Он действительно выглядит немного раскаивающимся. Но по-прежнему остается верен своему молчанию.
— Мои обещания абсолютно нерушимы. Не просто иногда, и для некоторых людей. Всегда. Единственная причина, по которой я когда-либо могу нарушить обещание, если это может каким-то образом навредить тебе. В противном случае мне не приходится выбирать. Такой я человек. Прости, Dolcezza.
Боже, ненавижу, что он прав. Ненавижу себя за то, что разозлилась на него, что он не сказал мне этого. Мы с Холлидей больше не друзья, и меня совершенно не касается, чем она занимается в свободное время. Тем не менее, это кажется чем-то важный. Мне кажется, что я должна была это знать, потому что Холлидей должна была мне сказать.

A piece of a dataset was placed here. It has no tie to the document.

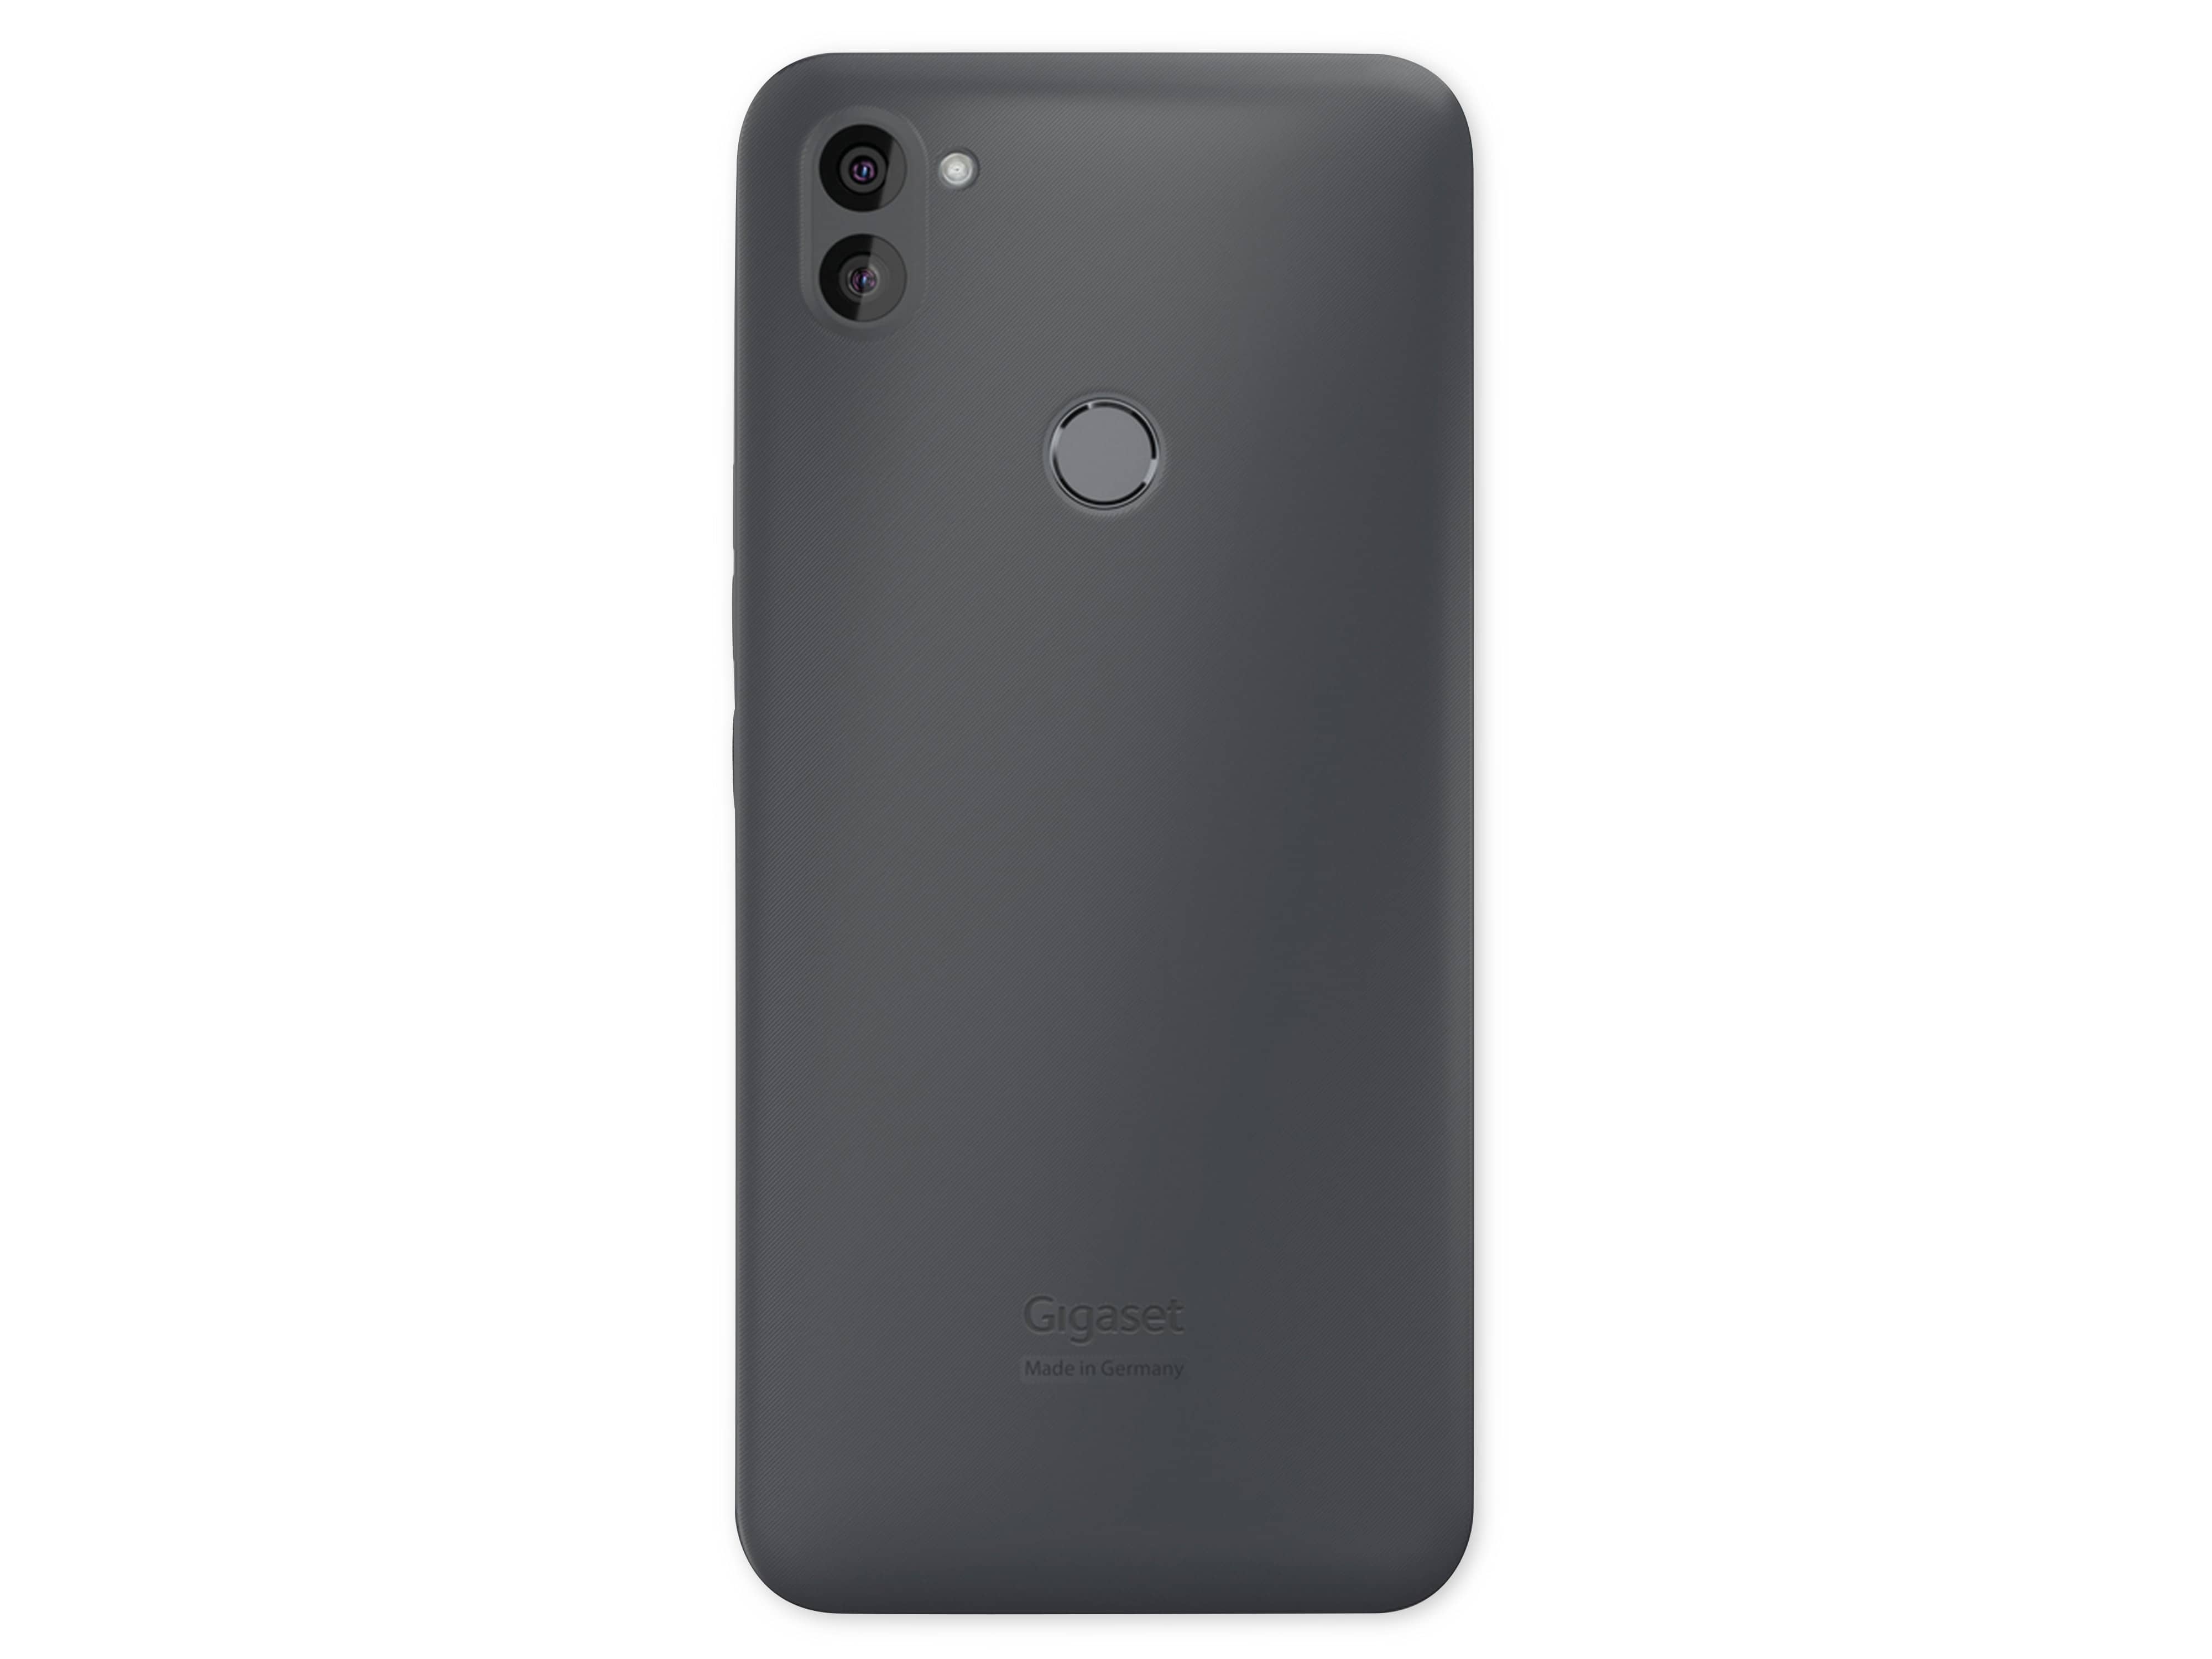 GIGASET Smartphone GS5 LITE, dark titanium grey

А потом понимаю, что у меня тоже есть секреты от него. Мои собственные секреты, черт возьми. Я не рассказала ему ни об одном из полученных сообщений, просто удаляла их так же быстро, как они приходили, и кажется, что вес этой единственной нераскрытой информации душит меня до смерти. Даже думая о сообщениях, чувствую себя неуютно в собственном теле, как будто моя кожа кишит огненными муравьями. Я быстро отбрасываю все мысли о них, бросив их в глубокую, темную, бездонную коробку в своем сознании, где, надеюсь, они не смогут беспокоить меня снова в течение некоторого времени. Однако мои уродливые мысли и воспоминания имеют свойство выползать обратно из моих ментальных тюрем.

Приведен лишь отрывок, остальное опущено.